The Solid Rocket Boosters (SRBs) which have been allocated to STS-335 – and will become part of STS-135 in the event of the LON mission being upgraded to a scheduled flight – are currently being inspected inside the Rotation Processing and Surge Facility (RPSF), while External Tank (ET-122) is closing in on final assembly in New Orleans.

STS-335/135 Specific Articles:

“SRB BI-146 / RSRM 114 (RPSF): Left Forward Center segment grain inspection is now scheduled for Monday, offload Tuesday,” added the NTD report.

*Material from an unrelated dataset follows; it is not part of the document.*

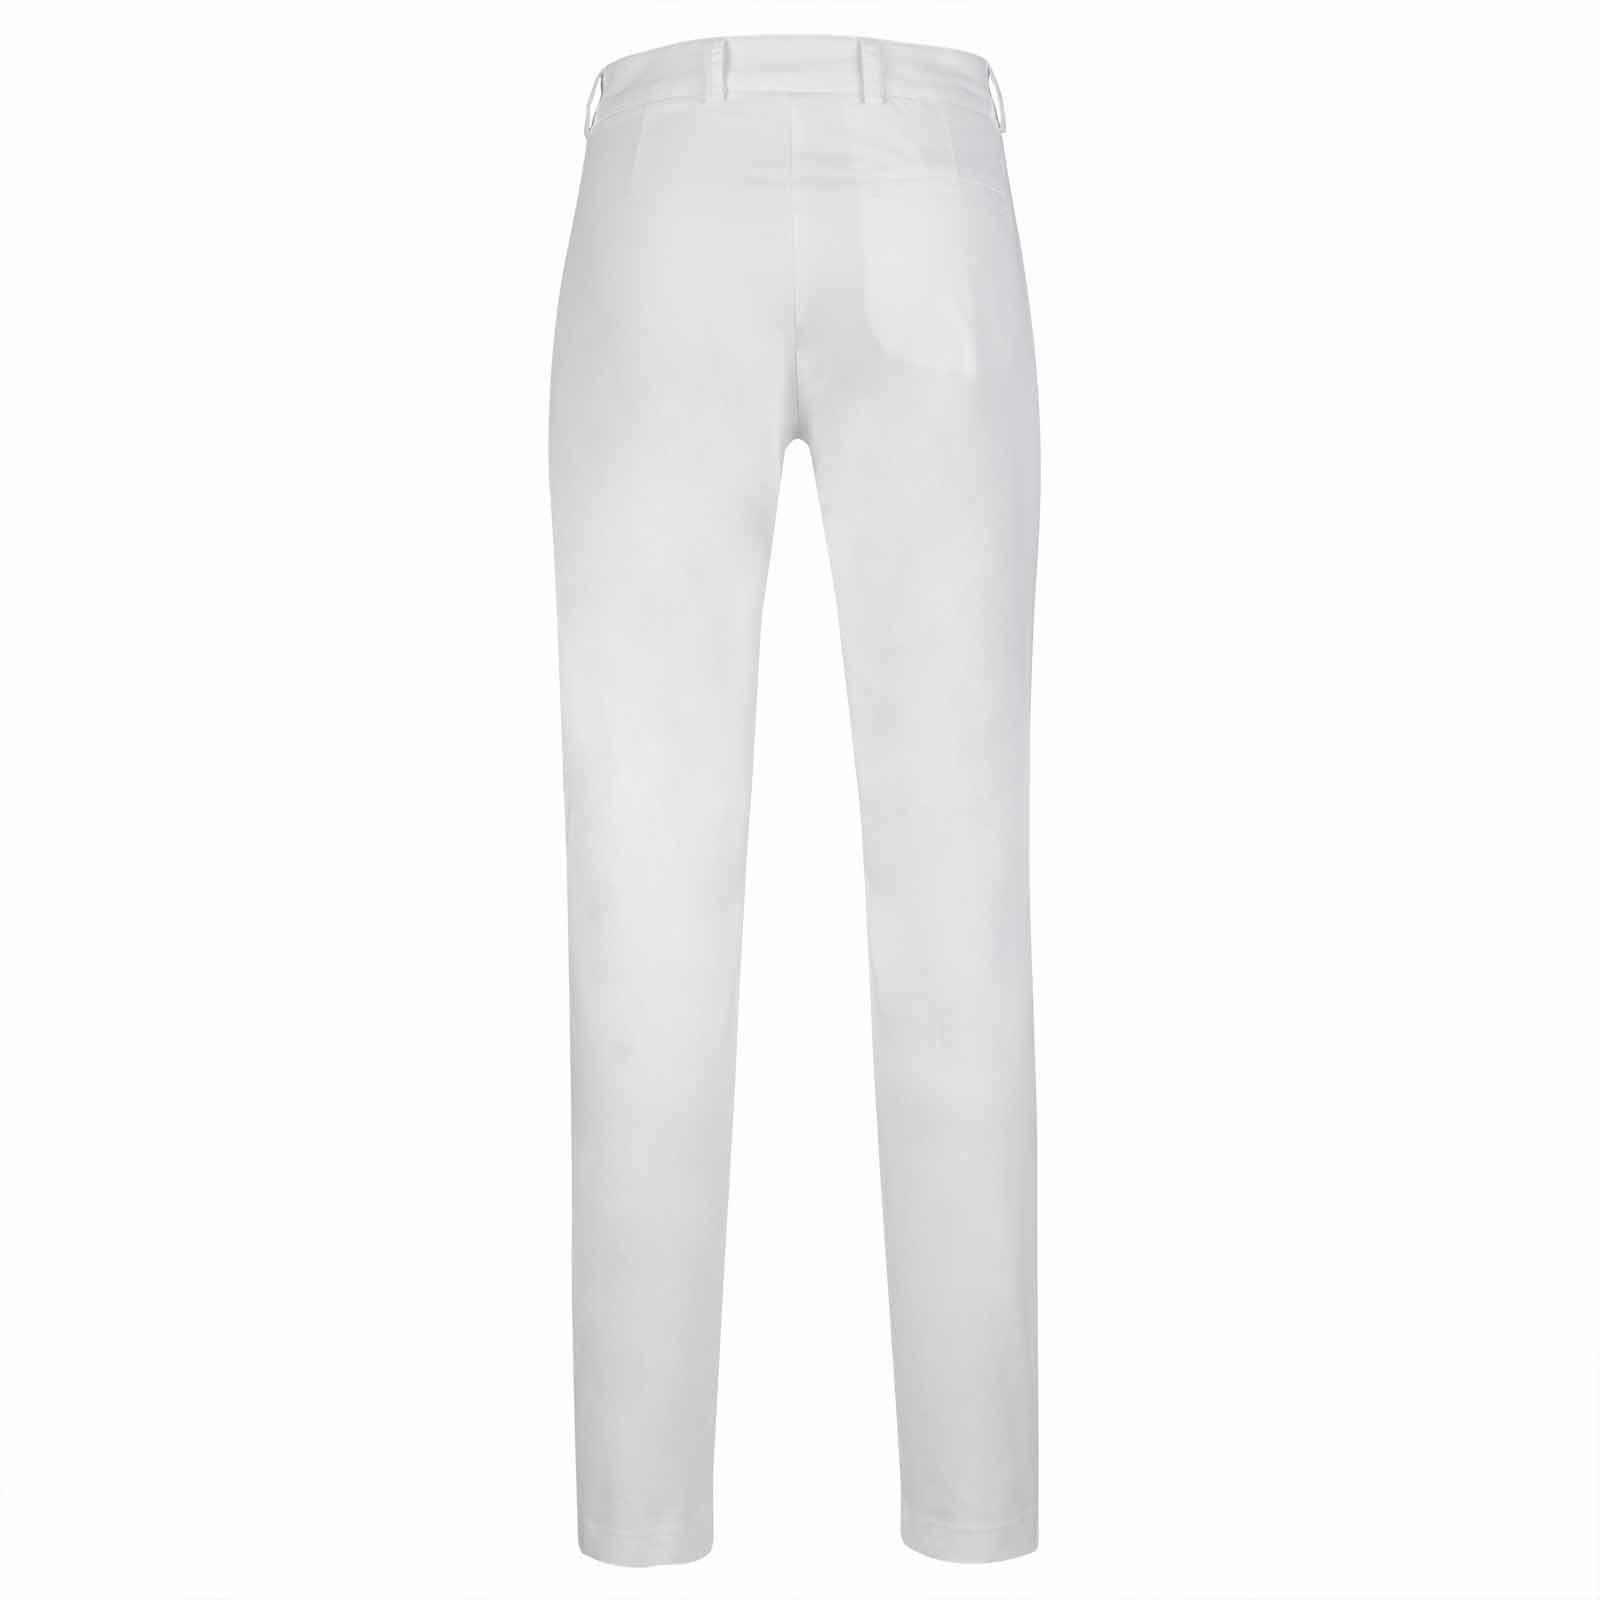 Damen 7/8-Golfhose mit Extra Stretch Komfort aus Baumwoll-Mix in Slim Fit

“ET-122 All hands are working on this tank. Longeron closeouts continue; this is the critical path for getting out of Final Assembly. Bipod fittings are now on. All fits are complete,” added the latest report from the Michoud Assembly Facility (MAF) – which saw the last ‘new’ tank – ET-138 for STS-134 – depart on its journey to KSC late this week.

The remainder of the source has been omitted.